With my fingers trembling I ripped the envelope open, my eyes racing over the letter addressed to my husband.
I wish I didn’t.
Crippling pain electrified my nervous system with each word and sentence that I read.
“As per your request please find your test results disclosed below…”
His full STD panel was negative…but that’s not what broke me. That was left to the ending paragraph that wrapped up the intimate letter with a lovely soul-destroying bow.
“Based on your latest semen analysis your vasectomy remains viable after thirteen years. However, this is not a failsafe method to verify paternity. If you require further clarification, we also offer accurate and discreet DNA tests…”
Black invaded my vision, blocking out the hurtful words screaming from the page.
I don’t want to see anymore. Please don’t let me see anymore.
As if answering my desperate call, my brain shut everything down.
All I remember was falling.
Fingers pressed the inside of my wrist, while someone stroked my hair.
My eyes fluttered open to my husband hovering above me. But there was something wrong. He looked stressed, his eyes wide with panic as his brows scrunched together.
A tinged haze coated my senses, blocking me from something, as if in protection.
Hypnotised, my hand raised to smooth the harsh lines of his face. “What’s wrong, honey?”
Nico gasped then dragged me into his lap, squeezing so tight I could hardly breath. His lips scattered kisses down my face, his tone urgent and rushed.
“Oh my god, oh my god, oh my god. Fucking hell, Gabs. You gave me a heart attack. I walked in the door and found you unconscious. Don’t ever do that to me again. I thought I fucking lost you. I can never lose you. Fuck, babe.”
He was trembling, shock had him overtaken.
Slowly, ever so slowly the haze began to lift.
Floor? Why was I on the floor? Why did I have this sense of dread in my gut that made me want to vomit? Why did my husband’s touch make that feeling worse?
The momentary confusion began to fade as I detangled myself out of our position.
“Careful, careful,” he said, hovering beside me as I used the cupboards as leverage to stand.
That’s when I realised, I should have just stayed on the fucking ground.
My gaze caught on the incriminating letter, innocently placed on the kitchen bench as if the printed page didn’t just rip me apart.
That’s right. That’s why I was on the floor.
Nico went to reach for me, and I flinched. He tried again and I just couldn’t.

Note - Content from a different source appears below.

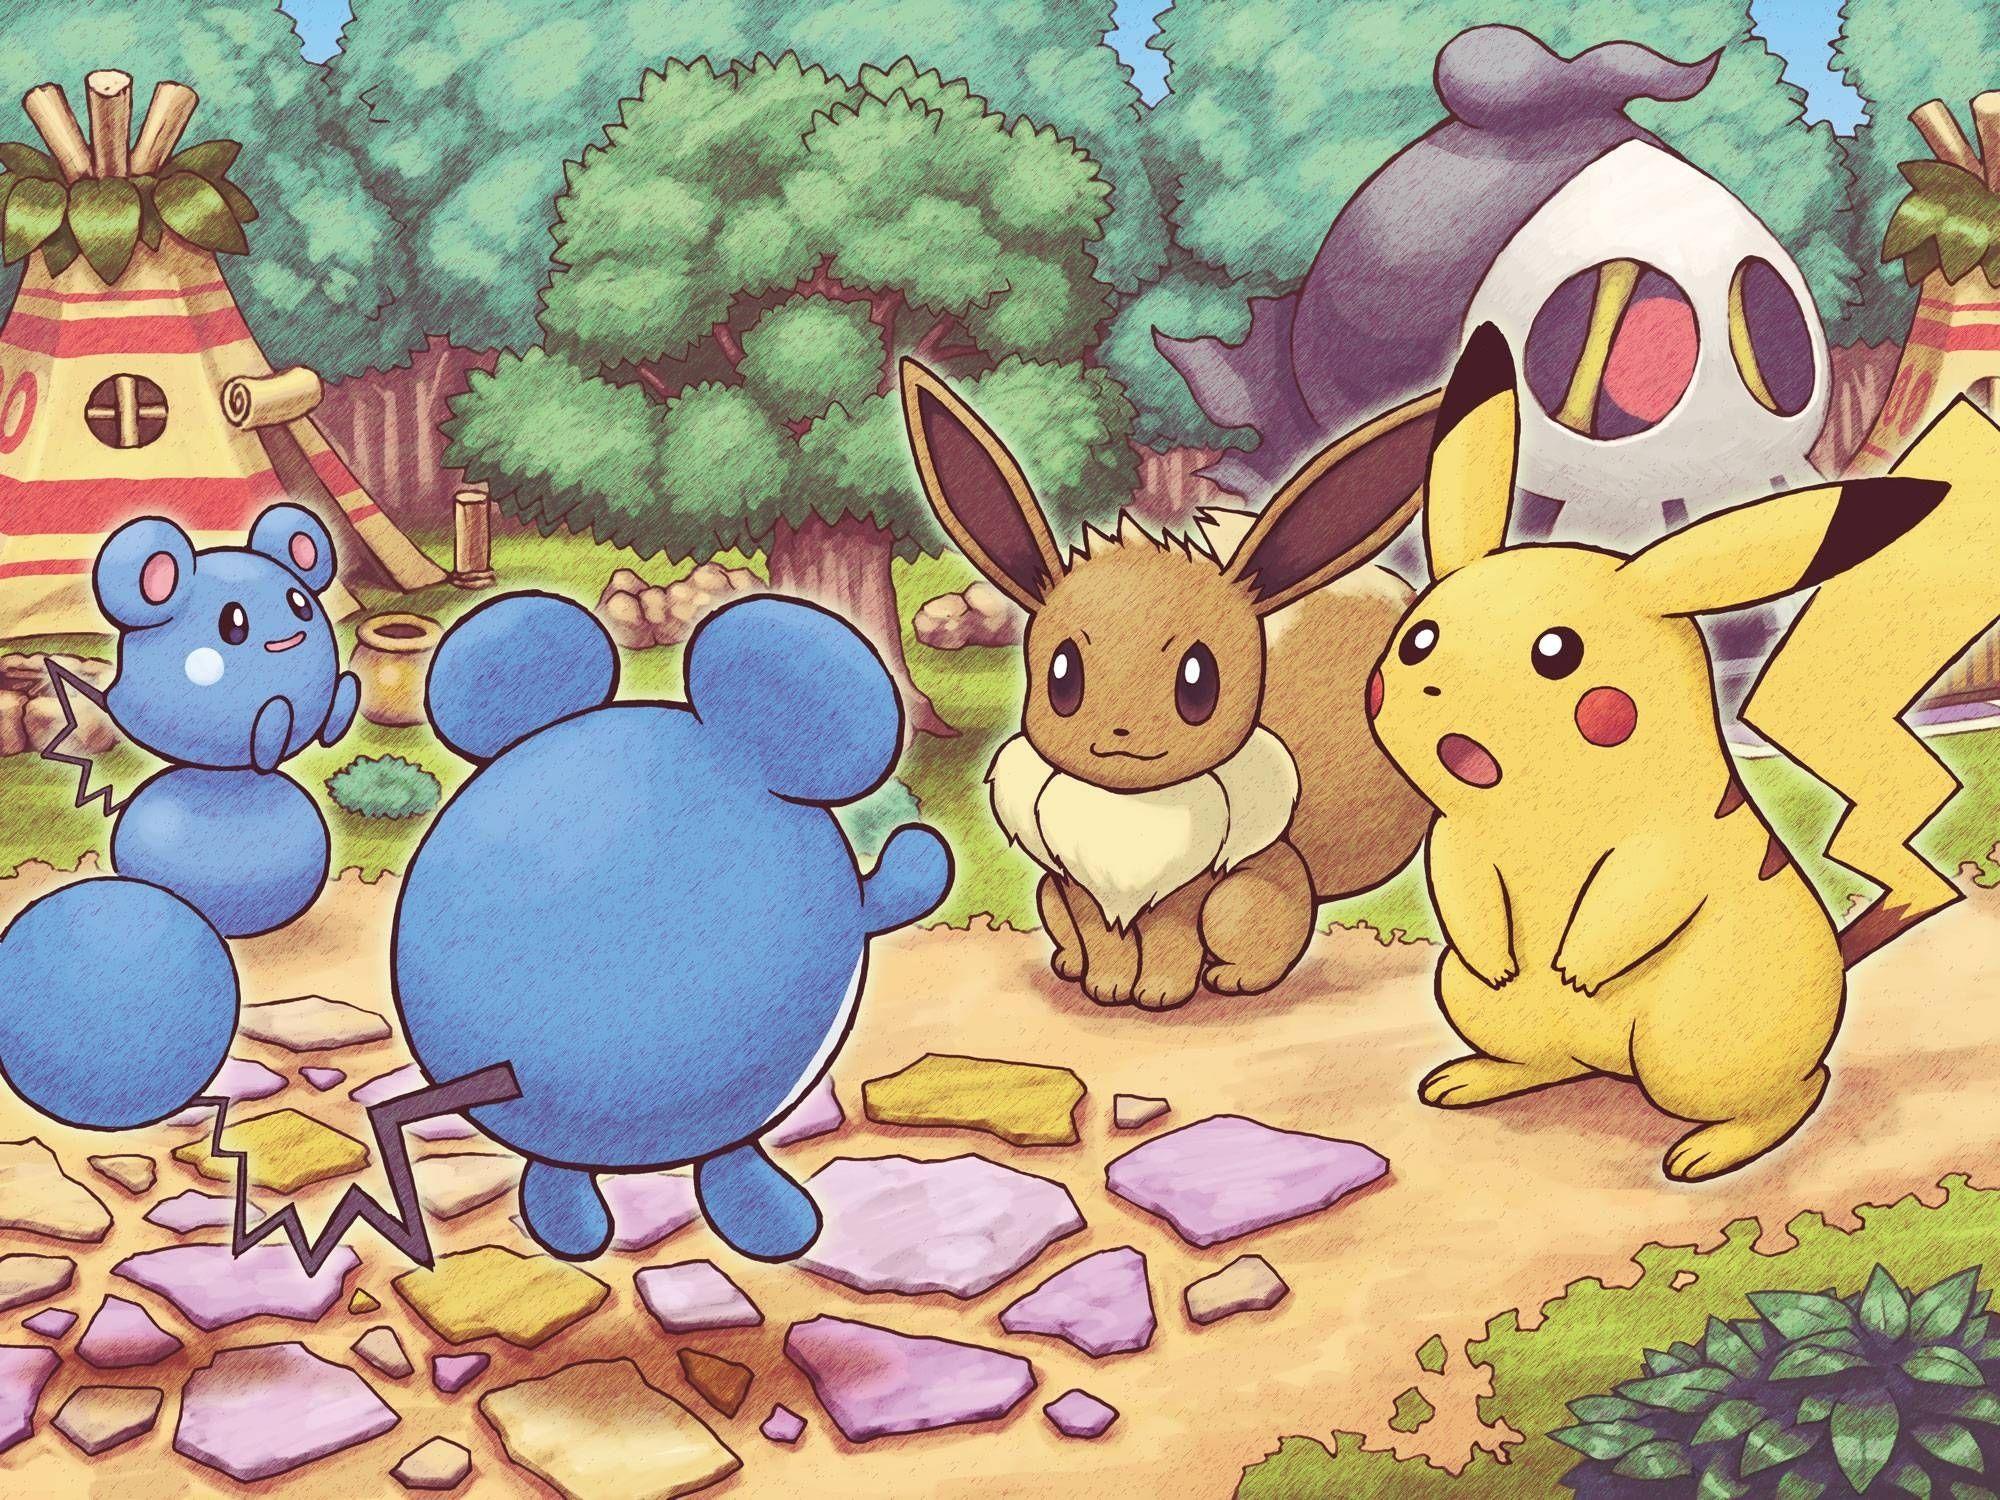 10 Latest Pokemon Mystery Dungeon Wallpaper Full Hd 1920 1080 For Pc Desktop Pokemon Pokemon Dungeon Pokemon Teams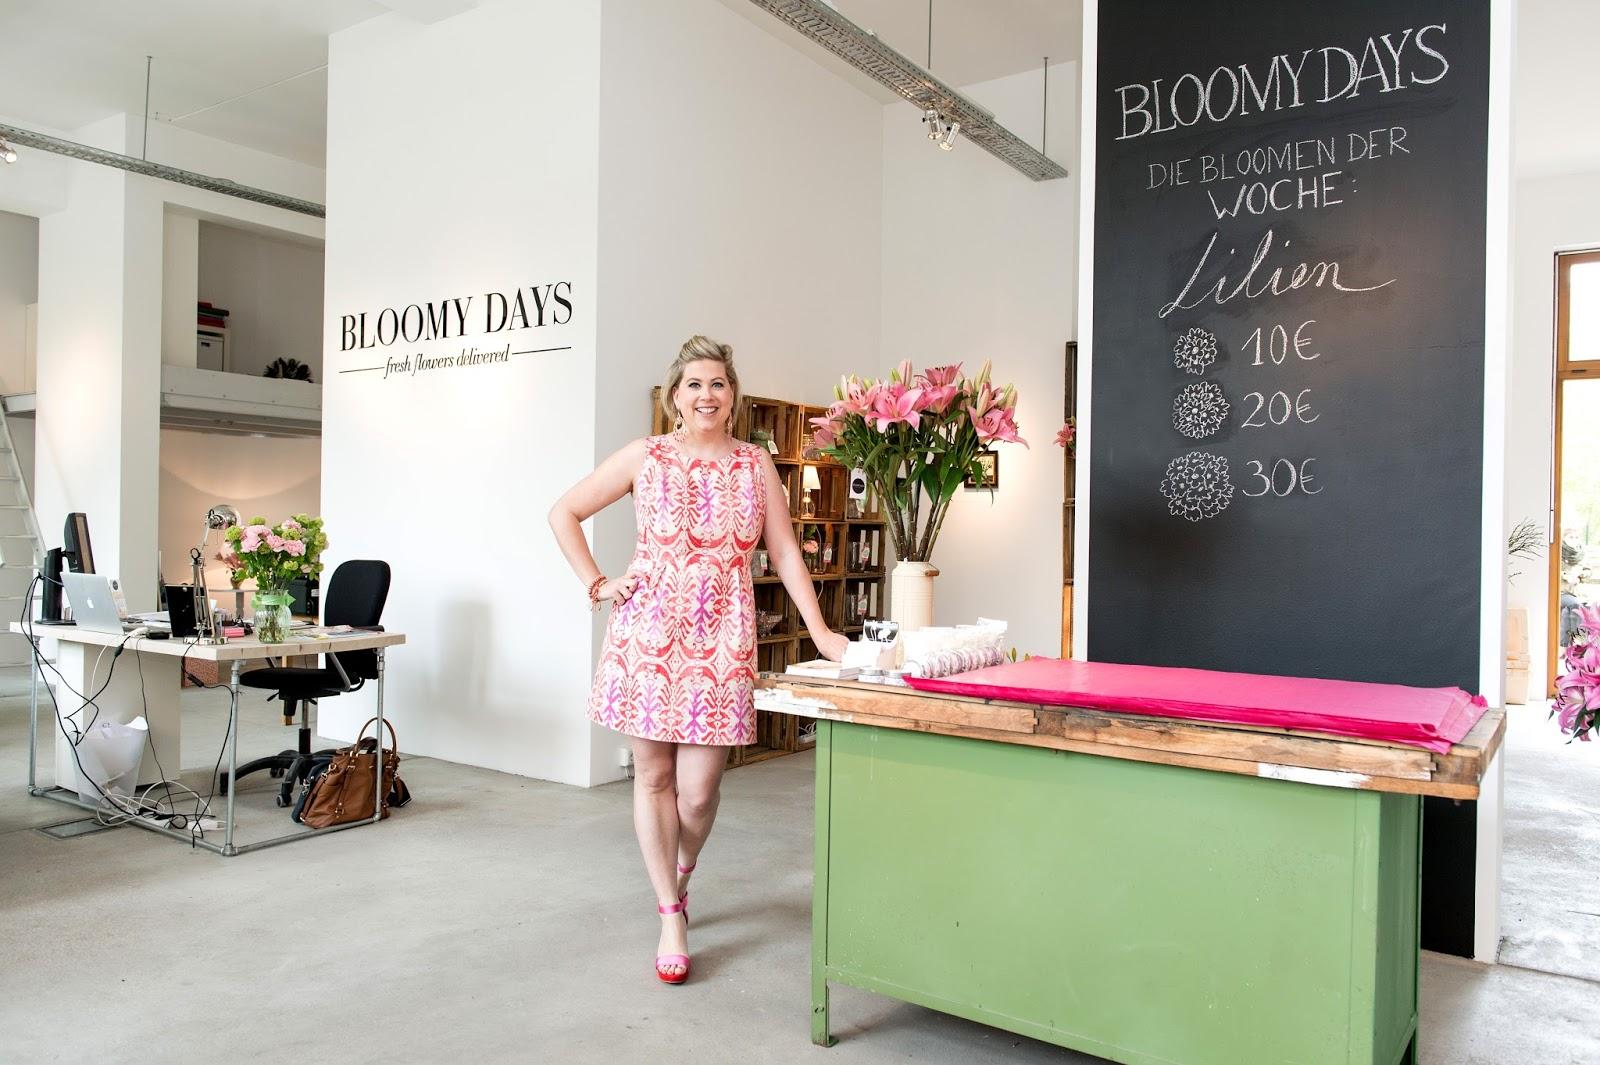 auf der mammilade n seite des lebens personal lifestyle diy and interior blog julia fragt. Black Bedroom Furniture Sets. Home Design Ideas

Couldn’t look at him. Couldn’t touch him. Couldn’t hear him.
I didn’t want to.
My entire being was already breaking without the extra ammunition he was about to unload on me.
“Babe, what’s wrong. Come here, I need to make sure you’re okay.”
Instead of replying I pushed the destructive piece of paper over the counter for him to read.
A resounding quiet coated the atmosphere as he skimmed the offering.
That’s when I raised my eyes, opened my senses completely. To catalogue and watch his genuine reaction.
I wanted him to refute the words. To claim it was a misunderstanding. To curse and say he would sue the company for mixing up the wrong clients.
Anything.
But as soon as I saw his features, his body language, the unrelenting fear creeping over his frame.
I knew it was true.
My husband, my best friend, was not who he claimed to be.
Then when his guilty eyes swept up to mine my hand whipped out to slap him hard across the face.
My palm stung; my chest ached…everything hurt.